Recorded in Nashville with Vance Powell (Seasick Steve, Arctic Monkeys, etc.), Powell spent time soaking up Clutch in their live element. He caught several shows, experiencing their sound from the audience to the stage. What resulted was taking this aesthetic back to the studio and creating a live-to-tape experience that is more in-the-moment than the band has constructed in the past, or at least since the dark obsessiveness of 2007’s From Beale Street to Oblivion.
Call it their Muscle Shoals or Detroit moment, the band continues to succeed in re-inventing their studio efforts as Book of Bad Decisions enacts a roughness, carefully selecting equipment to give their music a much deserved grit and muscle.
Going from Philip K. Dick on Psychic Warfare back to a bluesy swamp mantra of Southern rhetoric funded by a cataclysmic socio-political landscape, this album is everything you would expect and more, all seeded in American roots.

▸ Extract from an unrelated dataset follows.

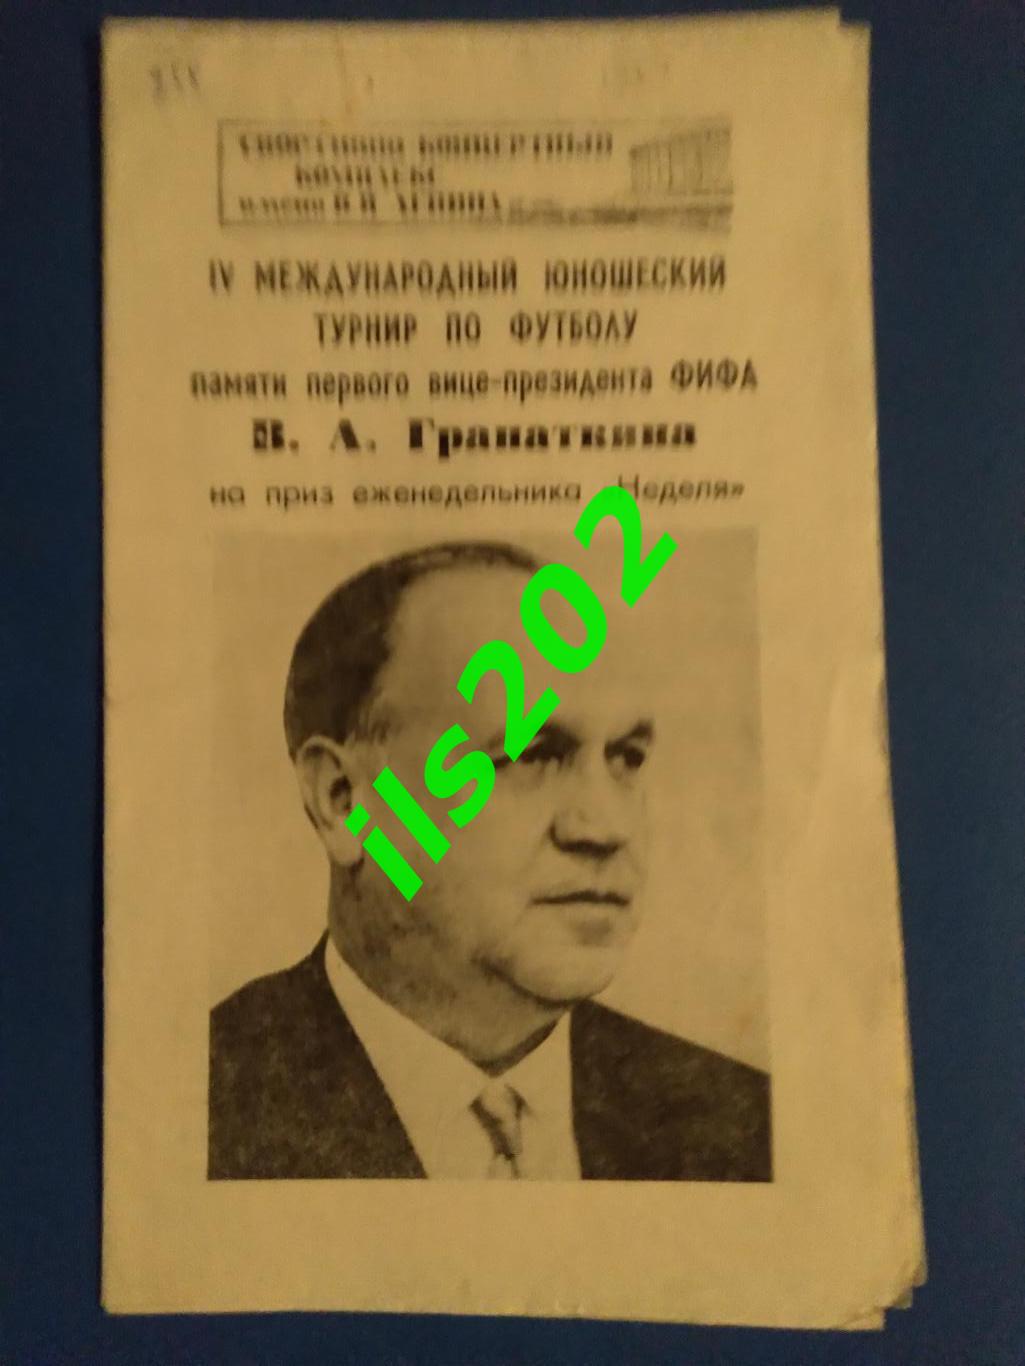 турнир памяти В.А. Гранаткина 1984 (сборная СССР юношеская)

Clutch – In Walks Barbarella
“Are you cool? Well, I’m cool. Is everyone cool? Well, let’s get hot!” “How To Shake Hands” emerges from James Brown ethos and swirls a punk cyclone around our necks. The song is dizzying, but the outcome is a sweaty treble duster in essence. It’s one of many references that does not differentiate from the studio to the stage.
The surprise of this rather lengthy 15-song montage is the horn-dominated “In Walks Barbarella.” A saucy science fiction, Motown-driven, Tower of Power jam, the song is as loud as any Clutch power rocker. Factor in the bravado and sweat and it may be the highlight of this album.
The shining moment for me comes at the end of the album with “Paper & Strife.” The song may be a moderate post-three minute rocker with no spectacular stand-out moments, but it’s perfect in every way from Neil Fallon’s power vocals to Tim Sault’s freight train chords. This song shows off the way this band works together. The results show nothing but excellence coming from a group with an already exceptional career in rock and roll.
When I thought I could not have been impressed by Clutch’s work with album after album of rock muscle, in comes Book of Bad Decisions to prove me wrong.